### YOUR INSTRUCTIONS
Leave every picture out and give back the lines below from the first through the line that holds "Elizabeth Garouste and", exactly as written.

### INPUT DATA
┄┄┄┄┄┄┄┄┄┄┄┄┄┄┄┄┄┄┄┄
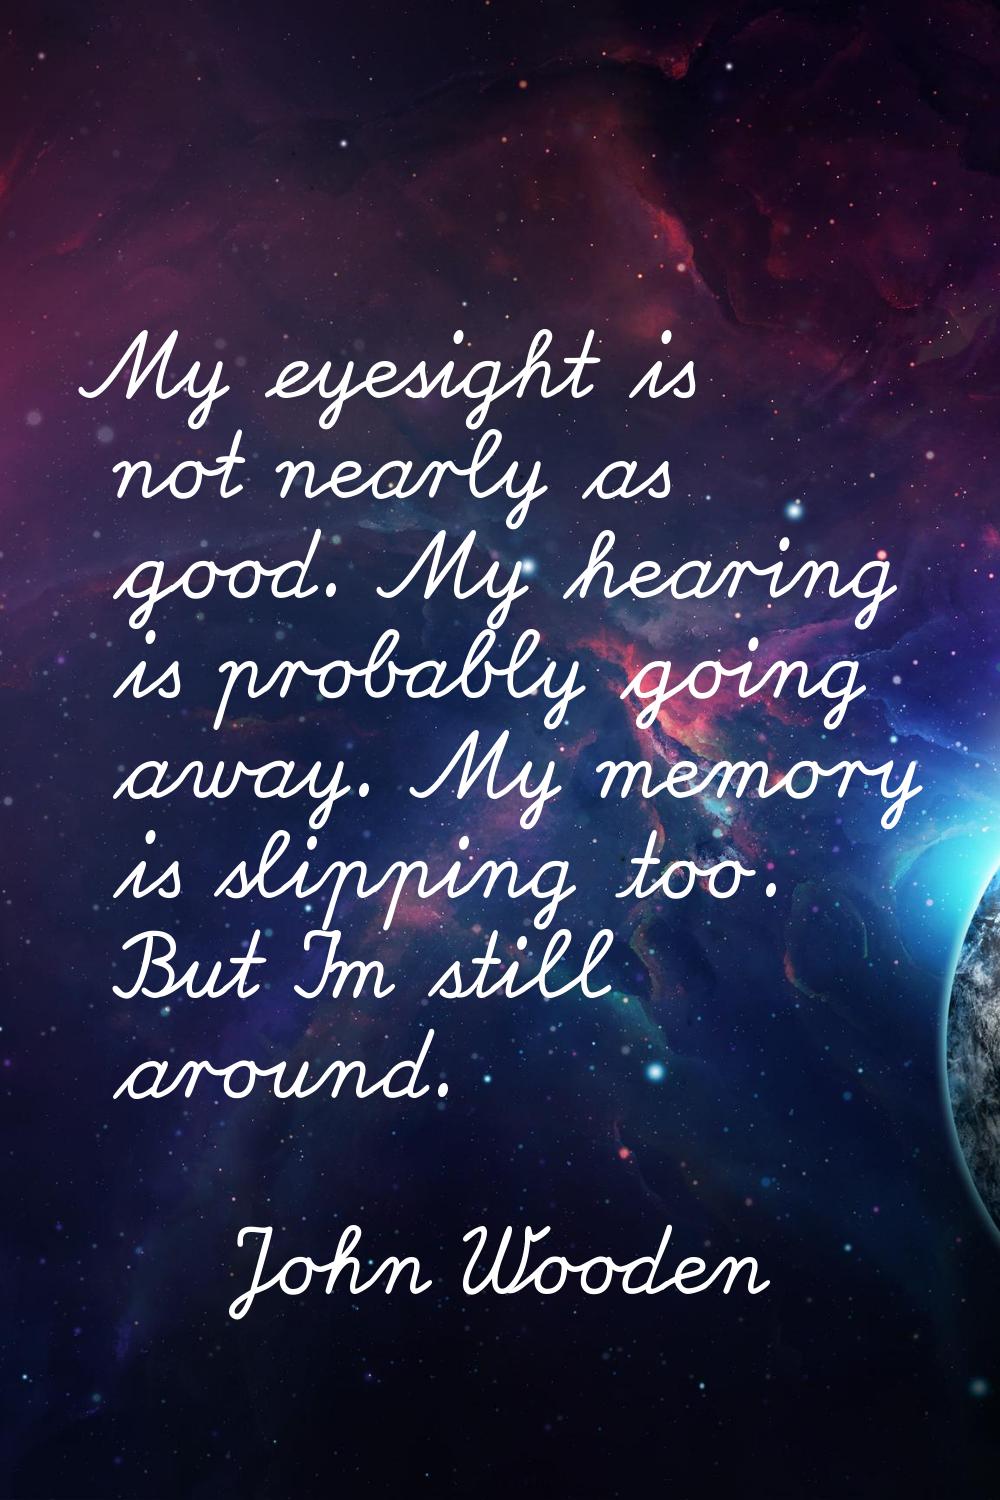 My eyesight is not nearly as good. My hearing is probably going away. My memory is slipping too. Bu
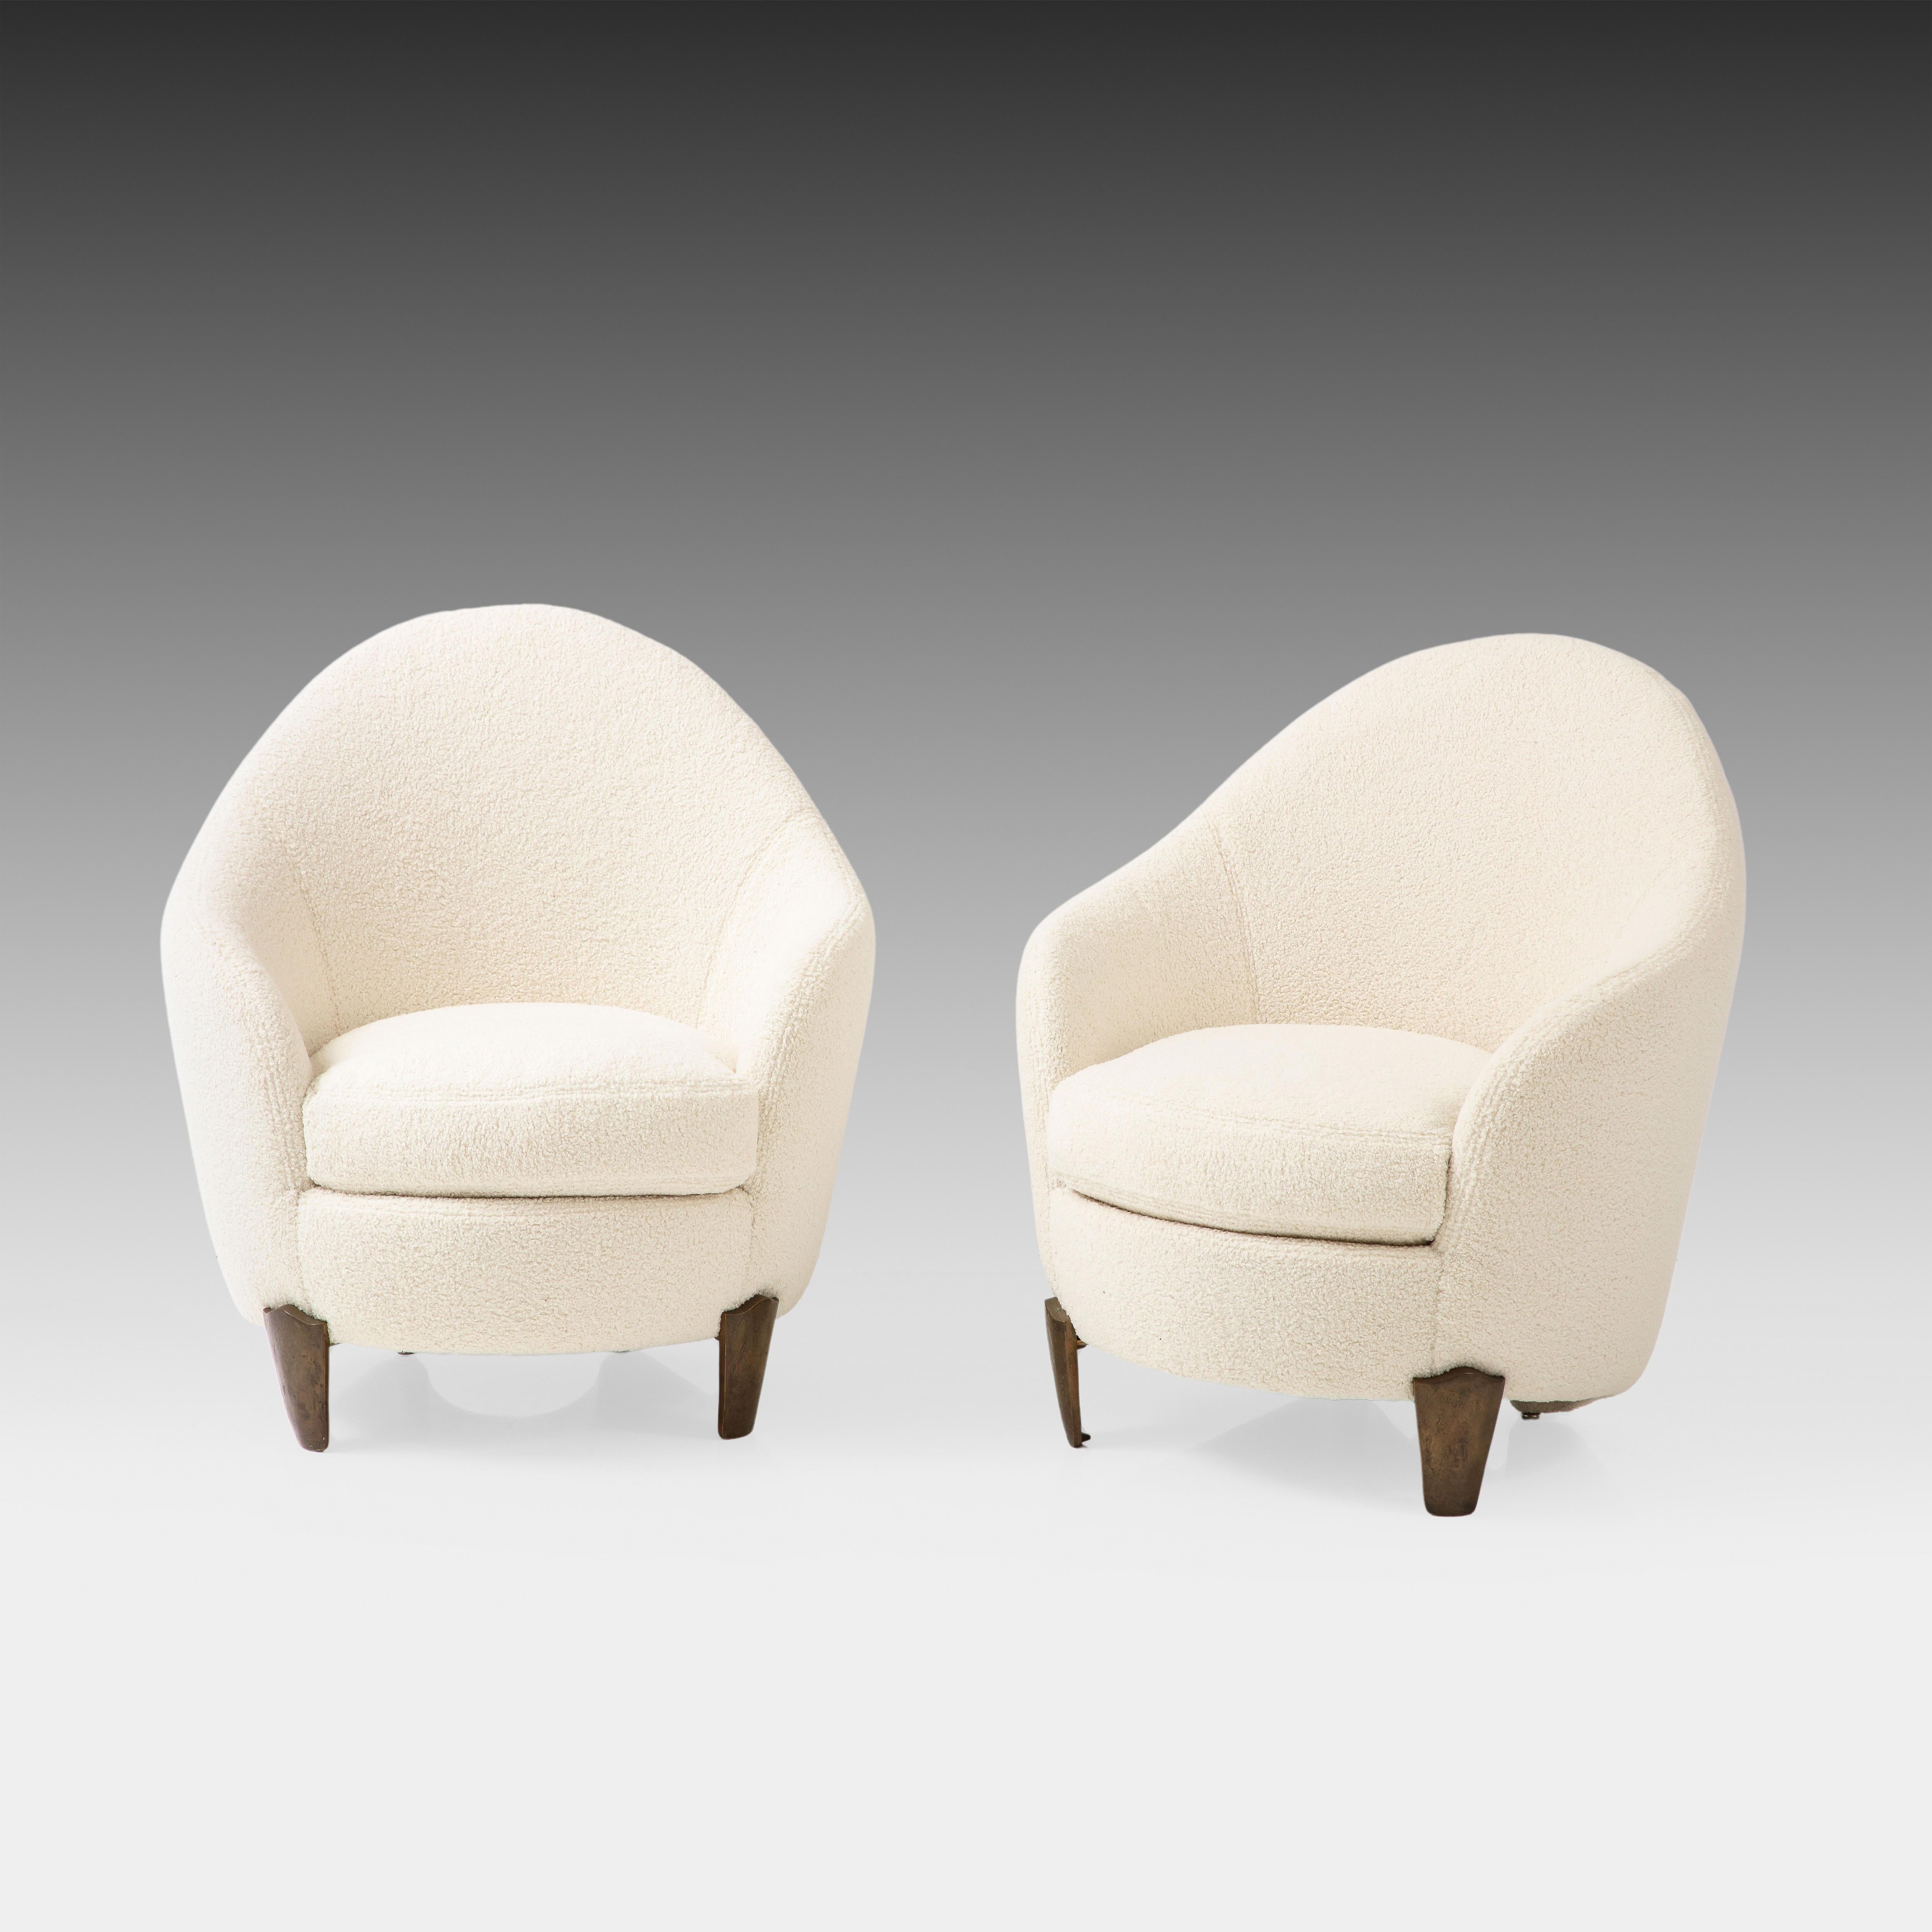 Elizabeth Garouste and Mattia Bonetti elegant and chic pair of Koala armchairs or lounge chairs in ivory bouclé with cast patinated bronze legs impressed with monogram 
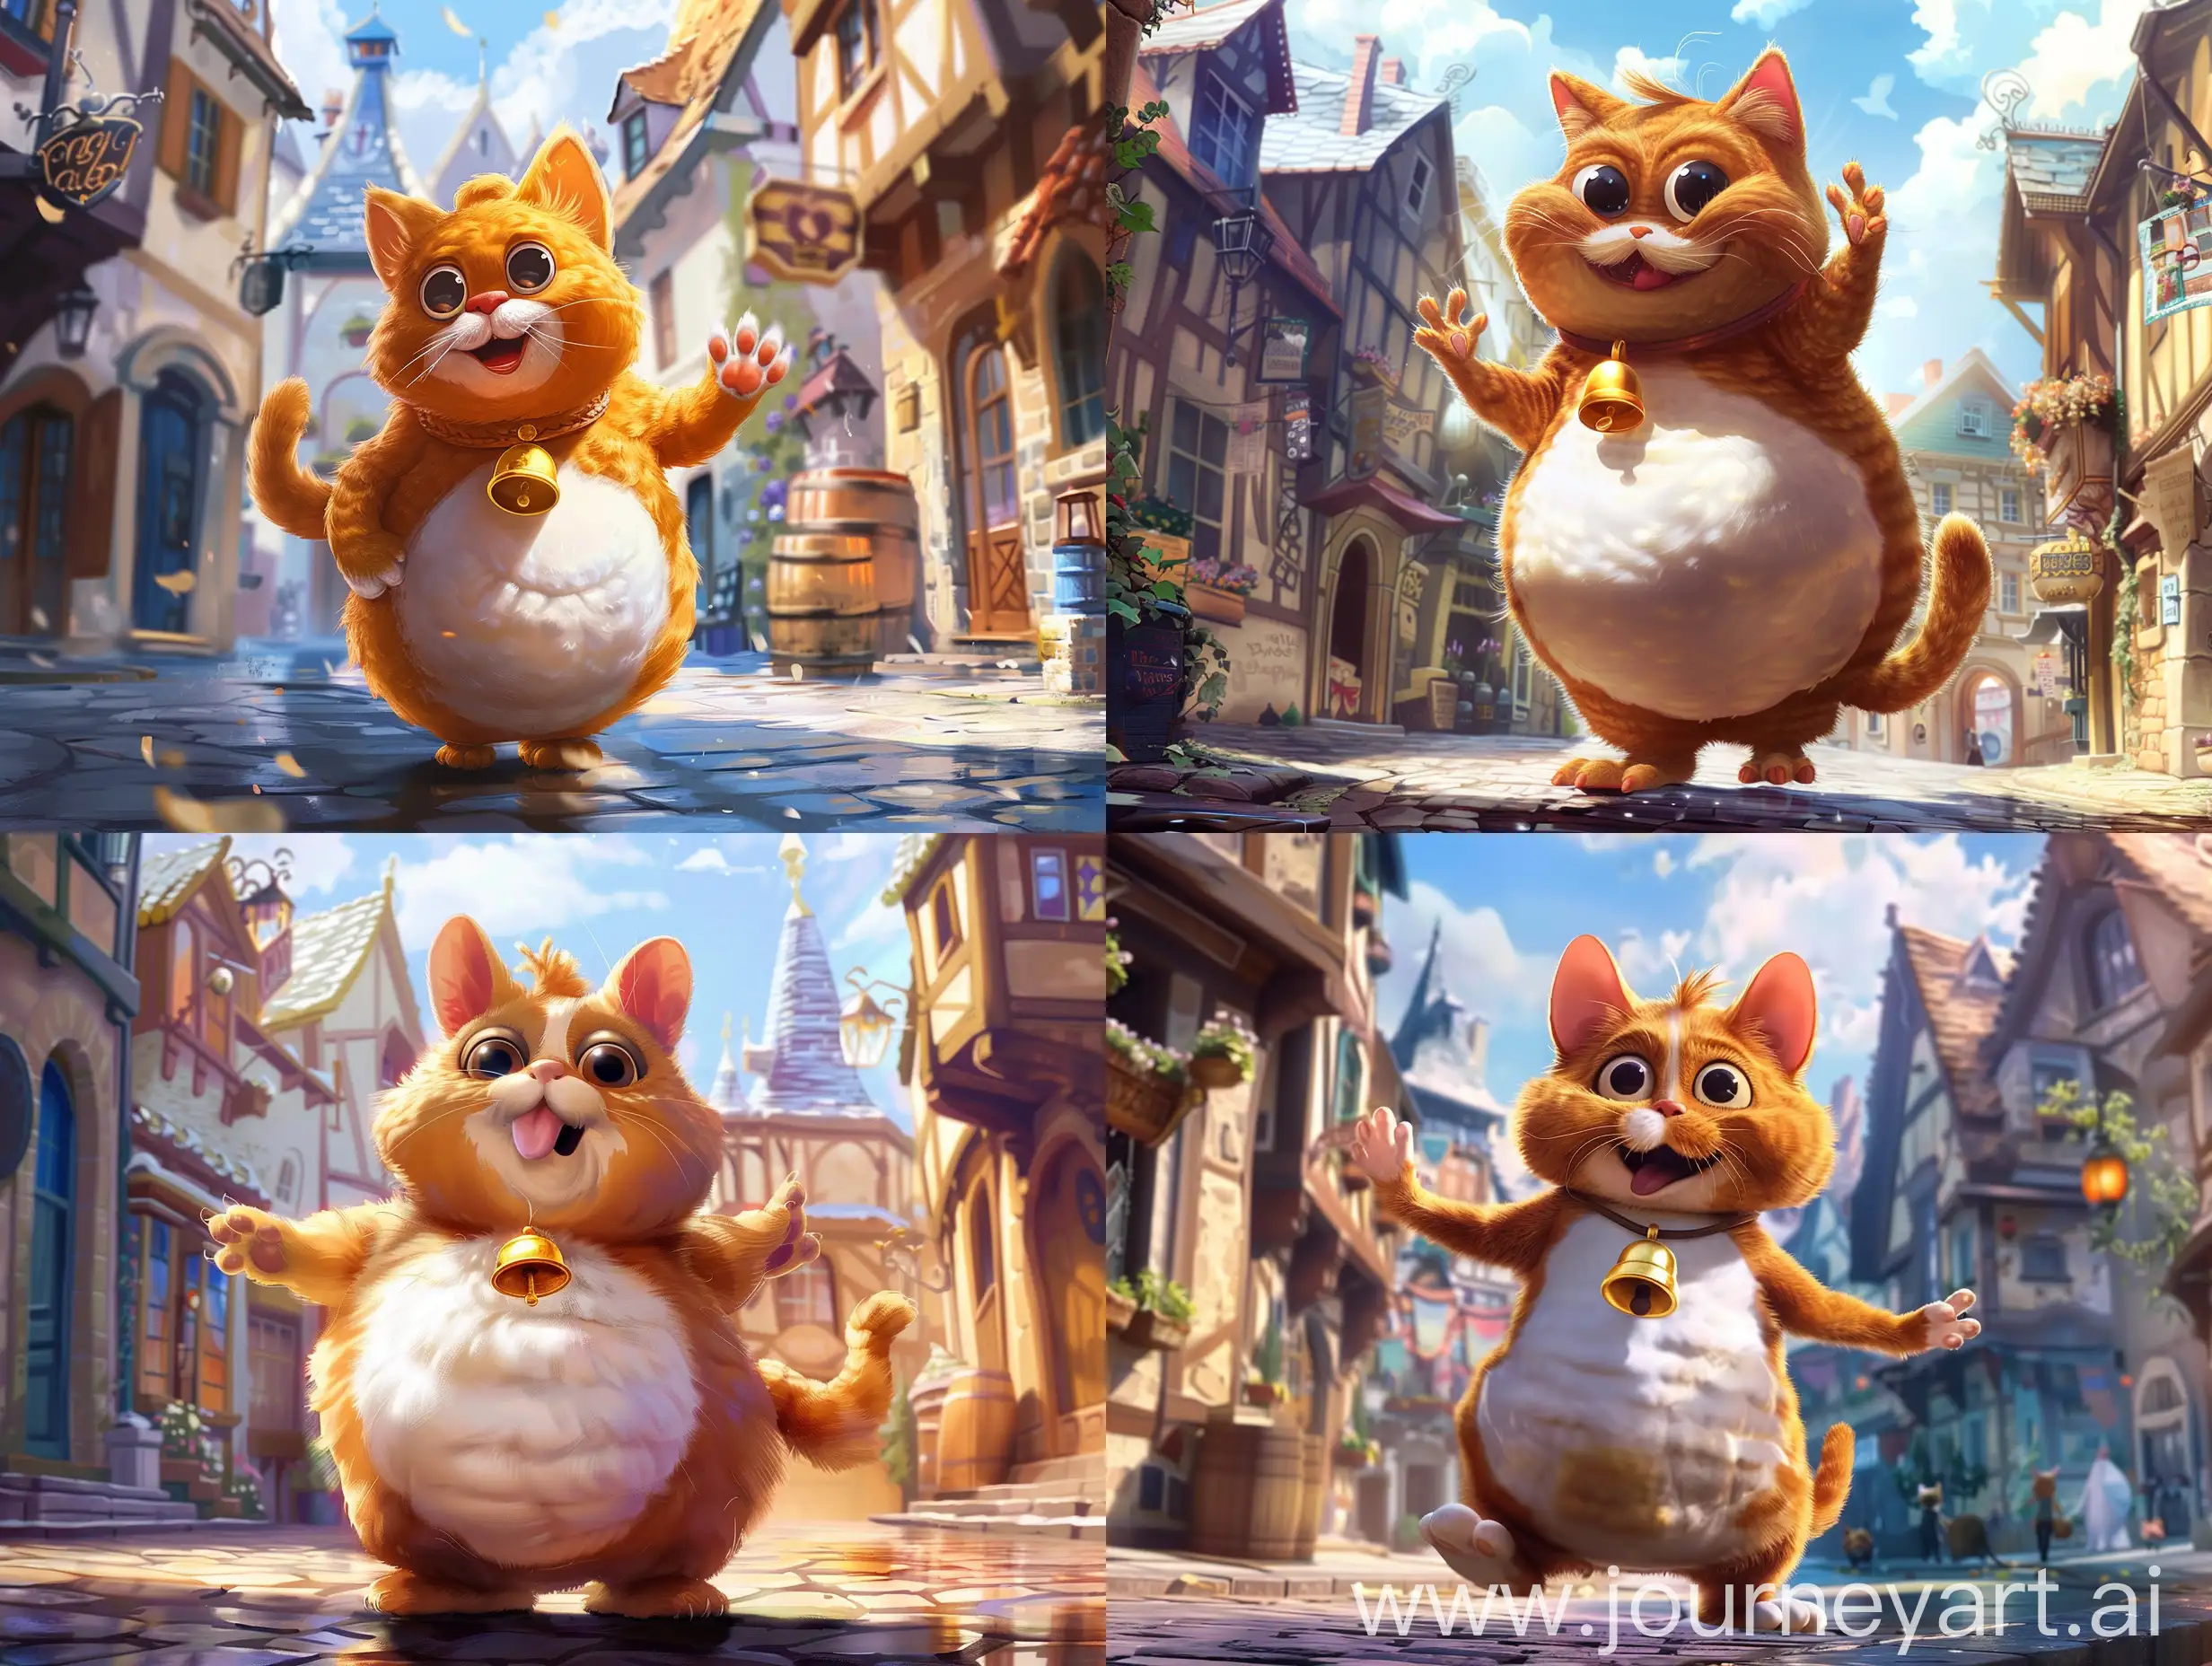 masterpiece, 4k HD wallpaper, best quality, high resolution, one small fatty and cutie Garfield cats, white stomach part with a golden bell on its chest, walking on a fairy tale street. waving their mouths, big black eyes, anime background
┄┄┄┄┄┄┄┄┄┄┄┄┄┄┄┄┄┄┄┄
### FINAL ANSWER
 My eyesight is not nearly as good. My hearing is probably going away. My memory is slipping too. Bu
 Elizabeth Garouste and Mattia Bonetti elegant and chic pair of Koala armchairs or lounge chairs in ivory bouclé with cast patinated bronze legs impressed with monogram 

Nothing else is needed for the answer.